It’s pumpkin everything season at local bakeries
It’s that time of year when leaves change from green to the colors of sunset, a crisp chill hangs in the air and the cases of local bakeries are filled with pumpkin everything.
“We’re out of them already,” said Brandy Ecklor, who works at Emma’s Bakery along South Mount Vernon Avenue in Uniontown, referring to pumpkin chocolate chip cookies, which sold out before 10 a.m. on a recent weekday.
“When we have it, our pumpkin bread’s our best seller,” she said, adding customers have been asking for seasonal baked goods for months.
Owned by Jason Stillwagon, Emma’s Bakery is named after his daughter and painted her favorite color: purple.
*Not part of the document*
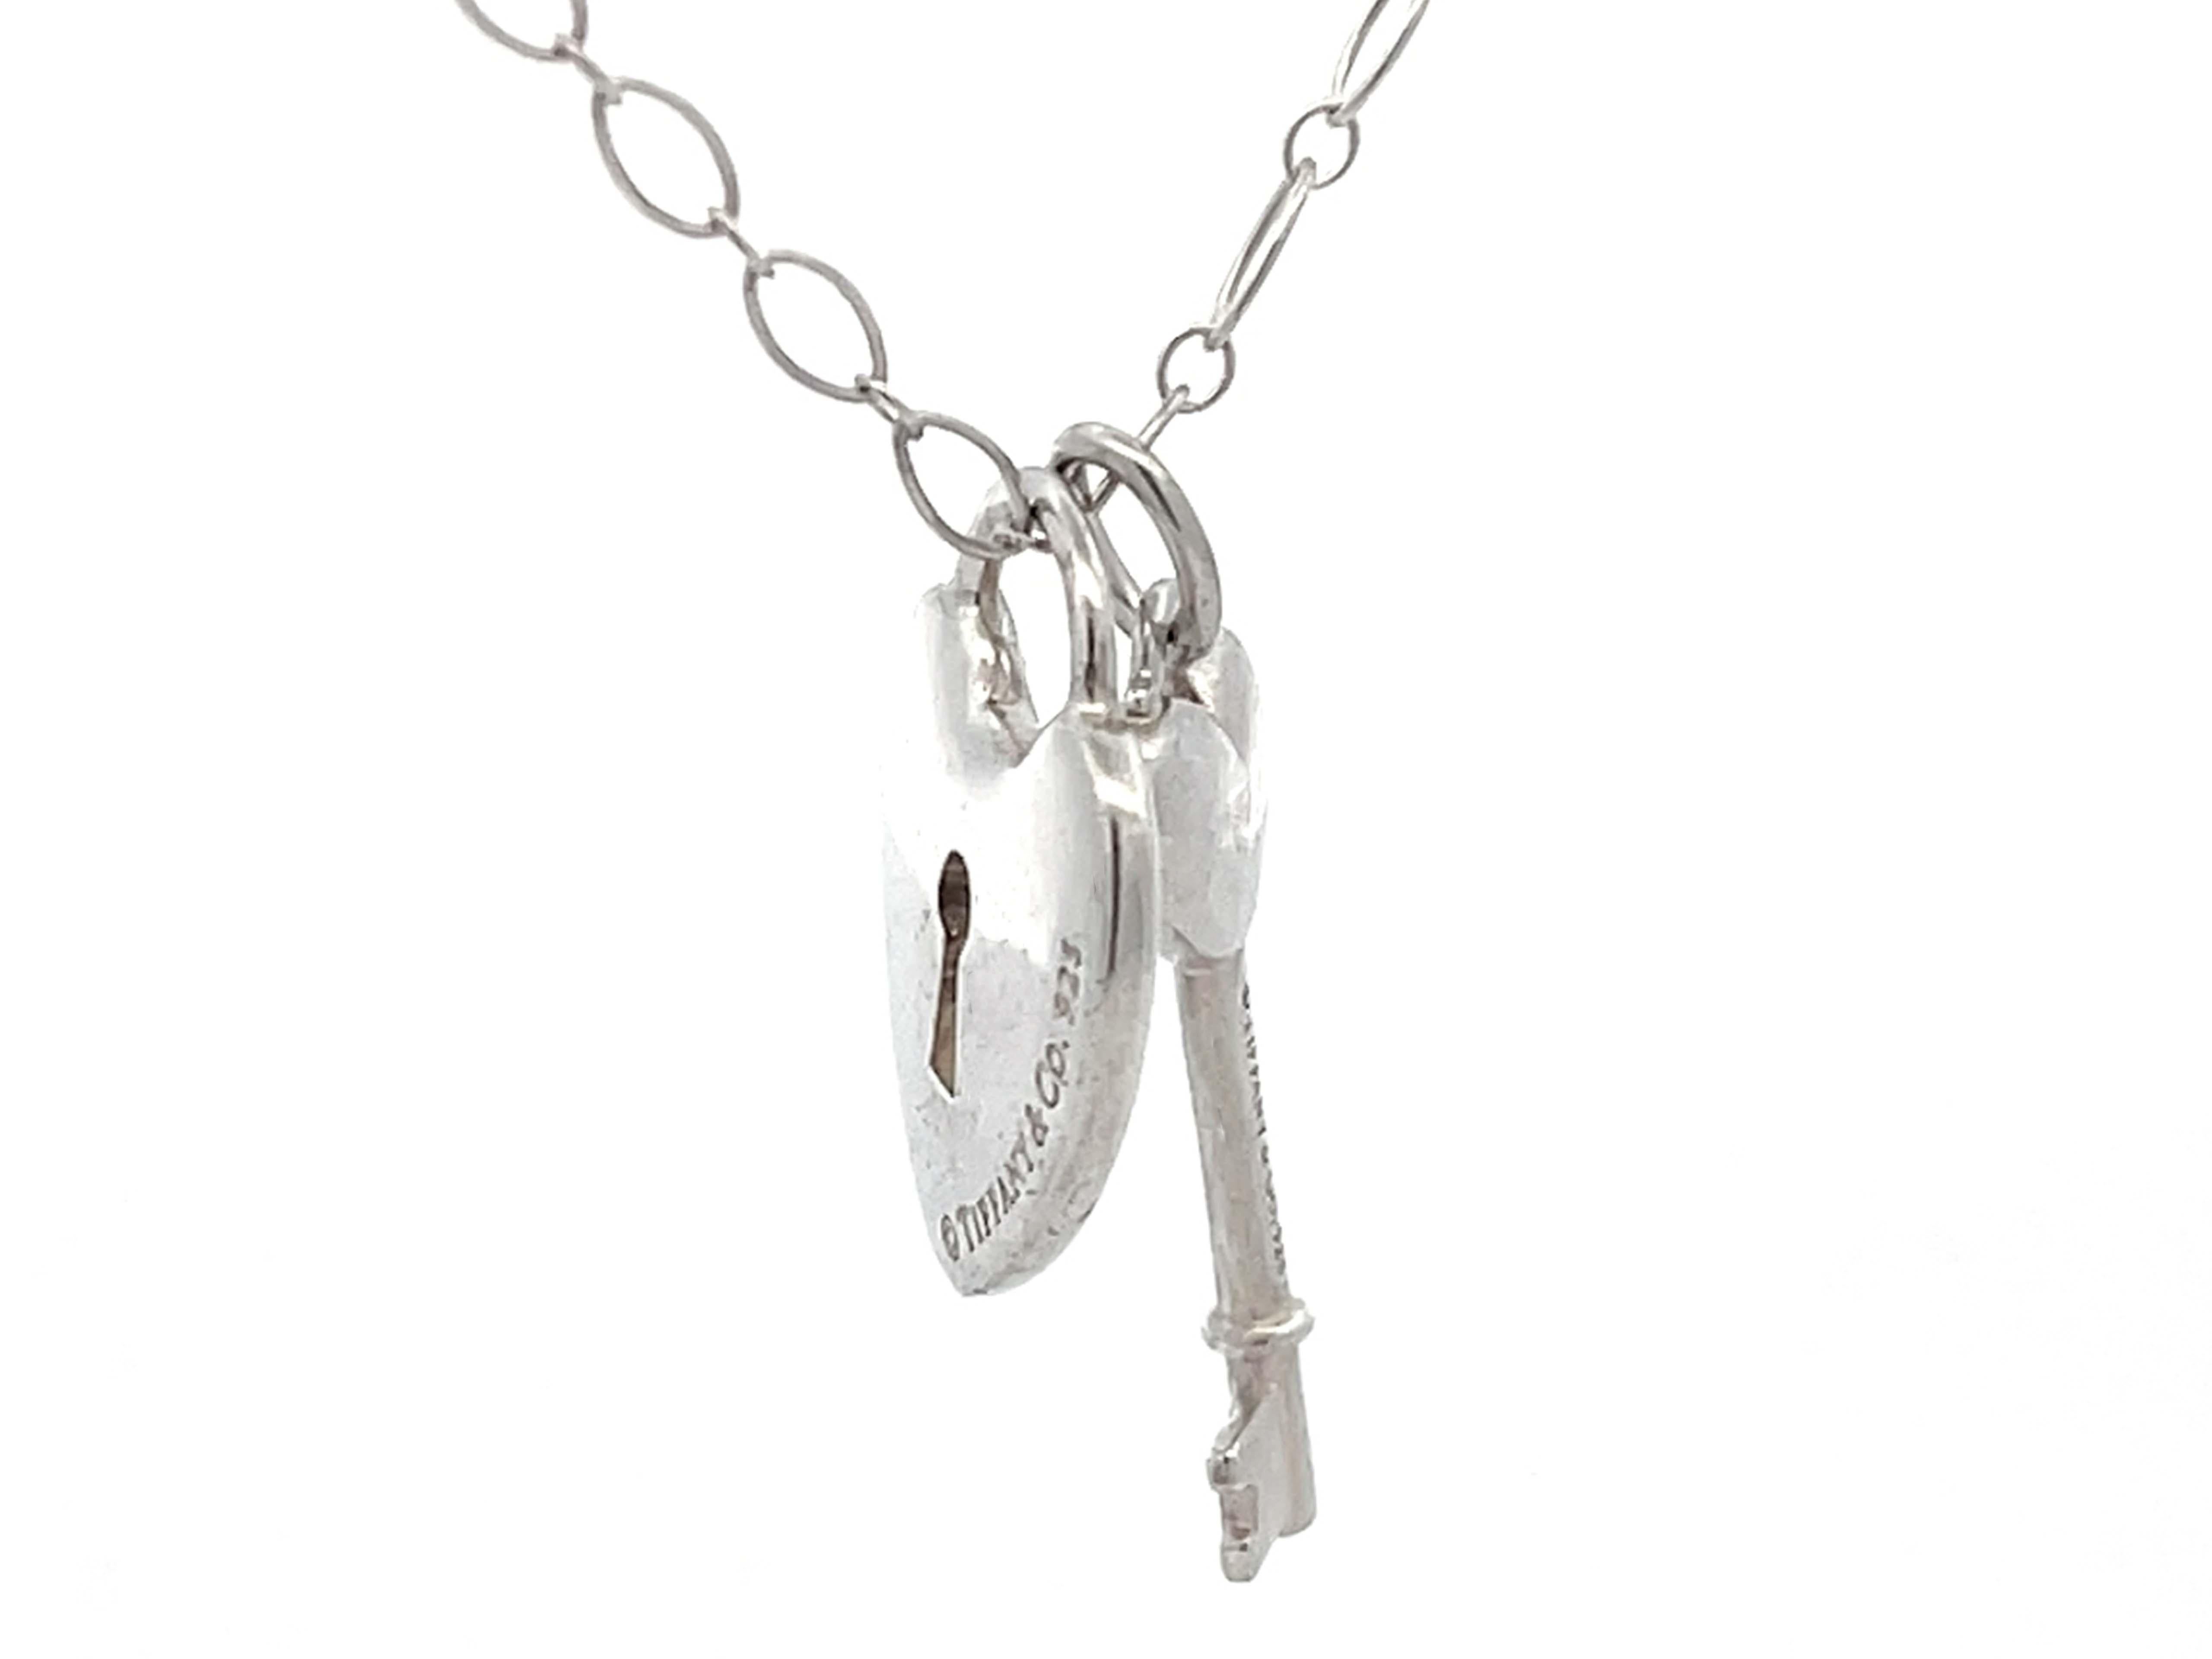 tiffany necklace heart and key

Cases are stocked with traditional sweets like biscotti and seasonal favorites, like those pumpkin chocolate chip cookies, pumpkin bread and pumpkin spice cake pops.
The baked goods and assorted breads are made in-house daily.
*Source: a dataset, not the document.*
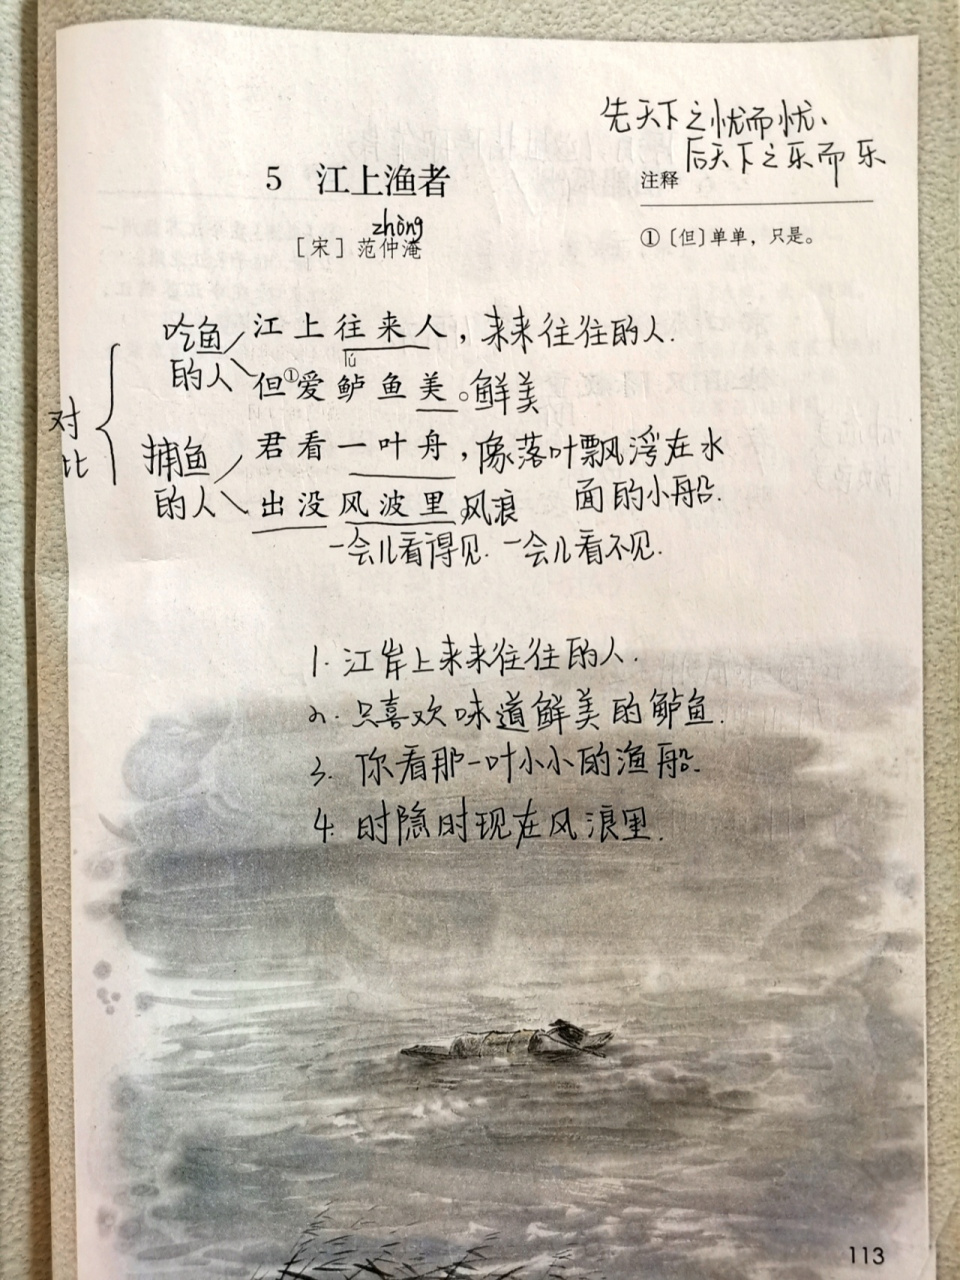 江上渔者古诗 全文图片

The same rings true at Honey Bee Bakery in Monongahela, where Marilyn Stanner and her daughter, Montana, are busy, buzzing in and out of the small kitchen where Marilyn bakes everything you see and smell.
“Donuts go quick,” she said, noting she made her first batch of seasonal donuts (apple cider cake and pumpkin cake with maple icing) last week. “And pies. Pies are another biggie. I make the littler pies and a lot of my customers … they want the littler ones.”
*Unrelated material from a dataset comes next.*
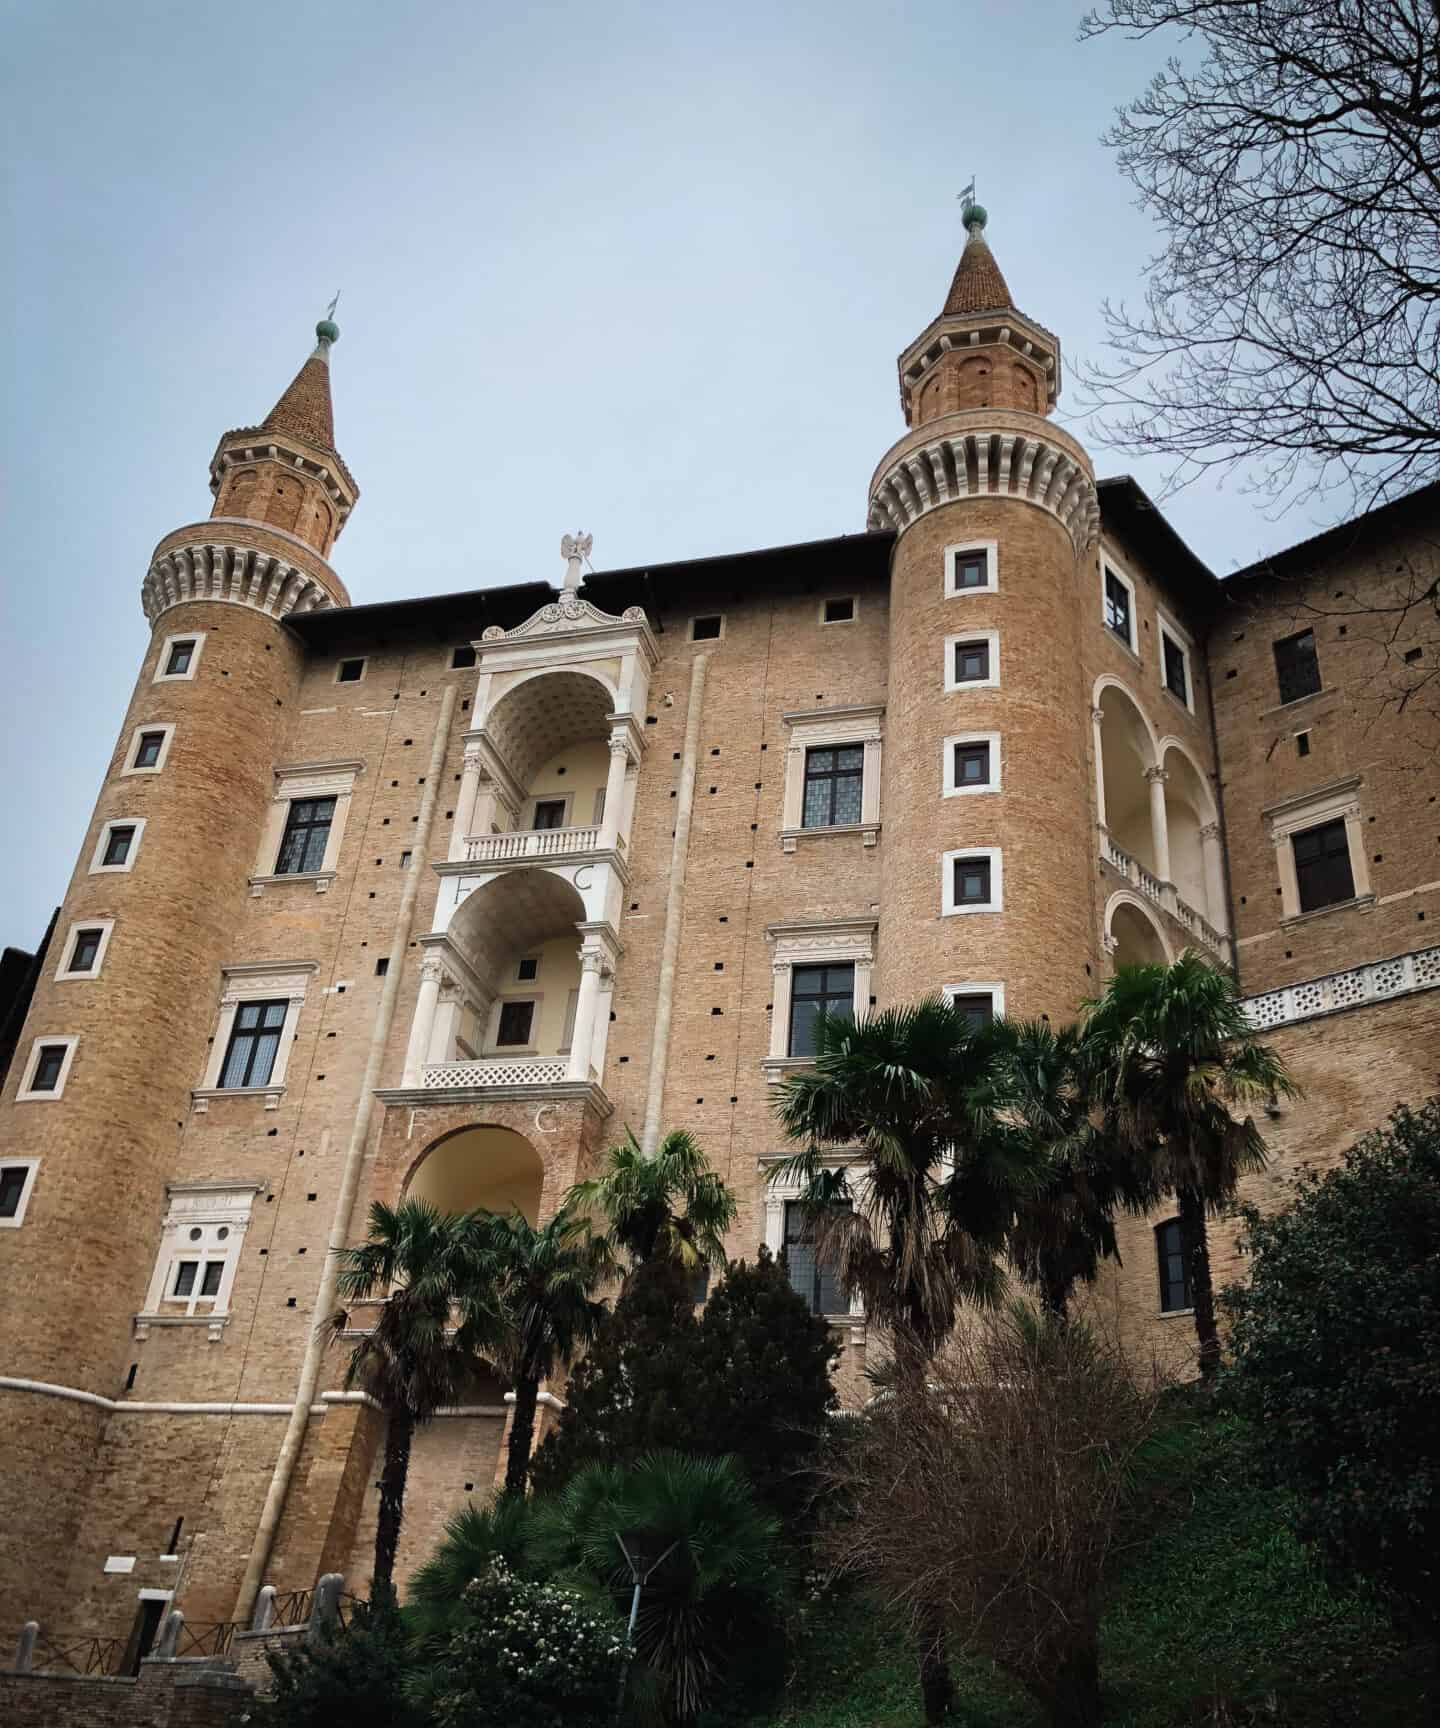 Palazzo ducale sandstone castle in Urbino Italy

Mini pumpkin pies and large, gooey pumpkin gobs are among customers’ favorite seasonal treats. Honeybee Bakery also offers a variety of pumpkin cookies – pumpkin maple cookies, pumpkin snickerdoodles; is your mouth watering yet? – and this year is baking up candy corn cookies, too.
Bethel Bakery in Canonsburg has its own take on the polarizing Halloween candy, candy corn: the bakery’s pumpkin spice torte draws decoration inspiration from the sticky-sweet treat.
Doug Krency said, “There’s no one thing that sells best” at Krency’s original location along Jefferson Avenue in Washington. The bakery’s cases are filled with cakes decorated for autumn, fall-colored thumbprint cookies and ghoulish cupcakes.
Cream cheese filling oozes from the middle of freshly baked pumpkin rolls, and customers will soon start placing orders for homemade pumpkin pie, said Krency.
He said pumpkin pie comes with the traditional Thanksgiving dinner the bakery – a staple of Washington – offers annually on the holiday, noting Krency’s is already taking custom Turkey Day orders now for those who can’t wait until November to gobble up the meal.
Those with gluten sensitivities won’t experience food envy this pumpkin season: Samantha Novelly’s Deliciously Different Bakery, 885 Henderson Ave., Washington, which opened in May, is serving up seasonal gluten-free goodies including, yes, pumpkin pie.
“My fiance’s mom and my best friend are celiac. We noticed it was hard to find good, quality baked goods in our area,” said Novelly. “There are also so many kids in the community that have gluten or even other intolerances, and it is very important for me to make their lives as inclusive as possible.”
Novelly noted many menu items can be made dairy-free or vegan.
Along with cream cheese-stuffed pumpkin snickerdoodles, pumpkin loaf bread and pumpkin cinnamon rolls, Deliciously Different offers the best-selling pumpkin roll cake and DIY cookie kits.
“I really try to make good gluten-free items that everyone can enjoy, not just something that is tolerable for gluten-free people,” she said.
Whether you’re GF or full-on-gluten, local bakeries have something pumpkin for everyone through the end of autumn.